The article, published on June 8 last year, was promoted in two Facebook posts on Nov 30 and Dec 2. Titled "SDP Population Policy: Hire S'poreans First, Retrench S'poreans Last", the article set out SDP's population policy, adding that it comes "amidst a rising proportion of Singapore PMETs getting retrenched".
The party later put up two Facebook posts on Nov 30 and Dec 2 linking to the article.
The Dec 2 post contained an infographic labelled "Local PMET employment", which showed an arrow pointing downward.
On Dec 14, Manpower Minister Josephine Teo initiated three correction directions under the Protection from Online Falsehoods and Manipulation Act (Pofma).
The Ministry of Manpower said the article and posts falsely claim local PMET retrenchment has been going up and PMET employment has gone down.
On Jan 3, SDP applied to Mrs Teo to have the correction orders cancelled. She rejected it.
The party then filed its court challenge on Jan 8.
The High Court heard the case on Jan 16 and 17, and allowed SDP until Jan 22 to file further written responses to the Government's submissions.
Burden falls on Govt to prove statements are false
The High Court yesterday established that it is the Government that bears the burden of proof in a court appeal under Singapore's laws against fake news.
This means the Government must prove a statement is false to prevail in such cases.
In a judgment dismissing the Singapore Democratic Party's appeal against the Protection from Online Falsehoods and Manipulation Act (Pofma), Justice Ang Cheng Hock said there is a "clear information asymmetry" between the Government and those whose statements are being challenged under Pofma.

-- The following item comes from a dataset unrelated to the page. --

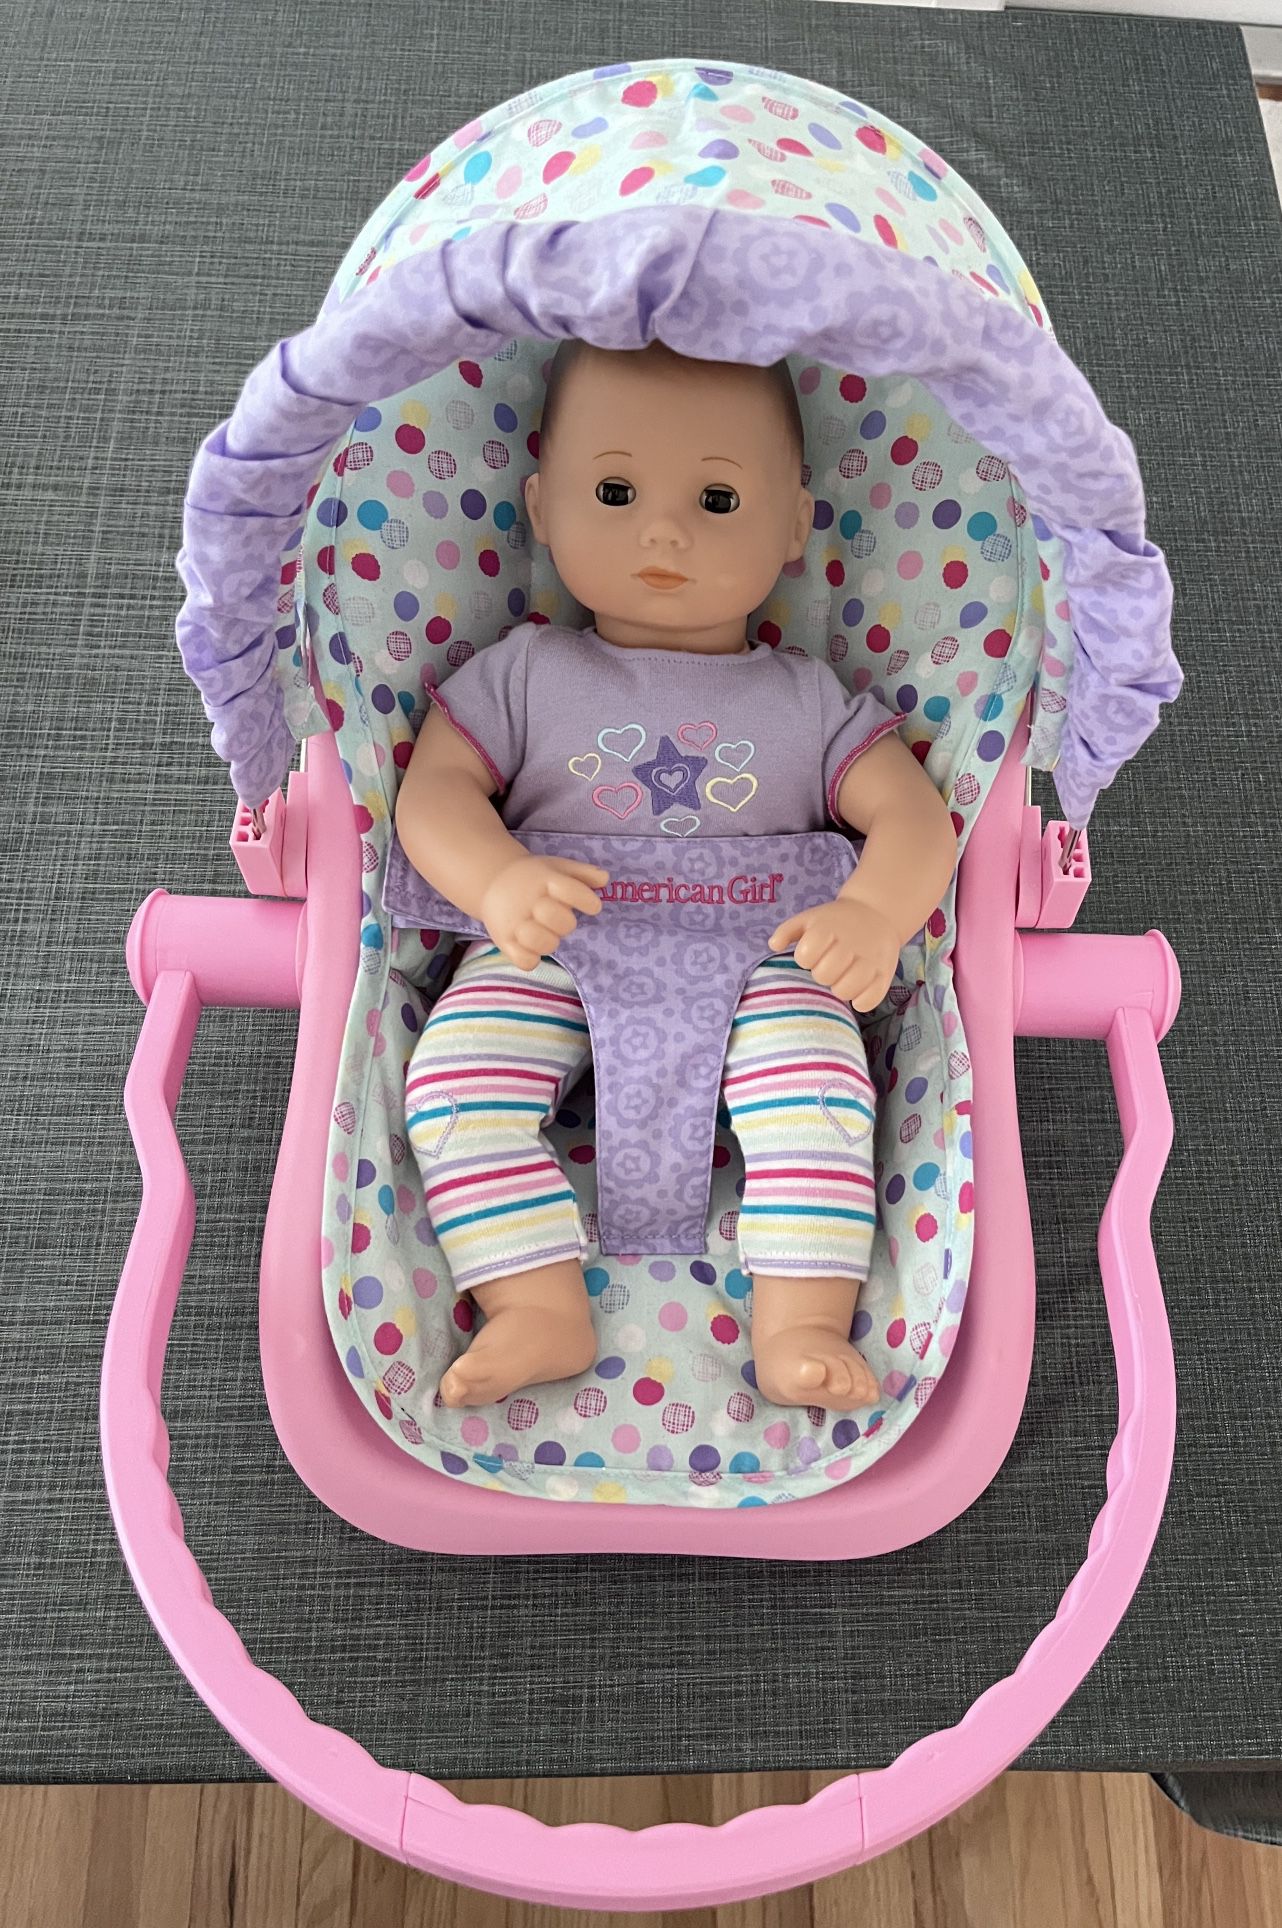 American Girl Bitty Baby Doll And Accessories

Noting that the parliamentary debates on the law had not shed light on the issue of where the burden of proof lies, he questioned if Parliament could really have intended to place such an onerous burden on the statement-maker.
"Unlike the minister, who is able to rely on the machinery of state to procure the relevant evidence of falsity, the maker of a statement often has to contend with far more limited resources," he said.
"For a statement-maker, who may be an individual, to bear the burden of proof would put him in an invidious position."
Justice Ang noted Pofma had also not specified who should bear the burden of proof.
But based on Section 103(1) of the Evidence Act "(w)hoever desires any court to give judgment as to any legal right or liability, dependent on the existence of facts which he asserts, must prove that those facts exist", he said.
In issuing a correction order under Pofma, the Government is seeking to curtail the right to free speech protected under the Constitution, the onus then is on the Government to prove the statements are false, he added.
He also said if the burden of proof were to fall on the other side, the Government would be able to succeed in dismissing a court challenge under Pofma even if no evidence is provided by either side to prove whether something is true or false.
In such a hypothetical situation, he said there will be no basis for the court to decide on whether a false statement had indeed been made.
This would mean the Government can prevail simply and solely by virtue of having issued correction directions in the first place, he said.
"In that sense, the court would in effect be fettered by the minister's earlier decision in issuing the correction direction," he added, and this would contradict the rules of Pofma, which state that the court should hear Pofma appeals afresh and not be bound by previous decisions.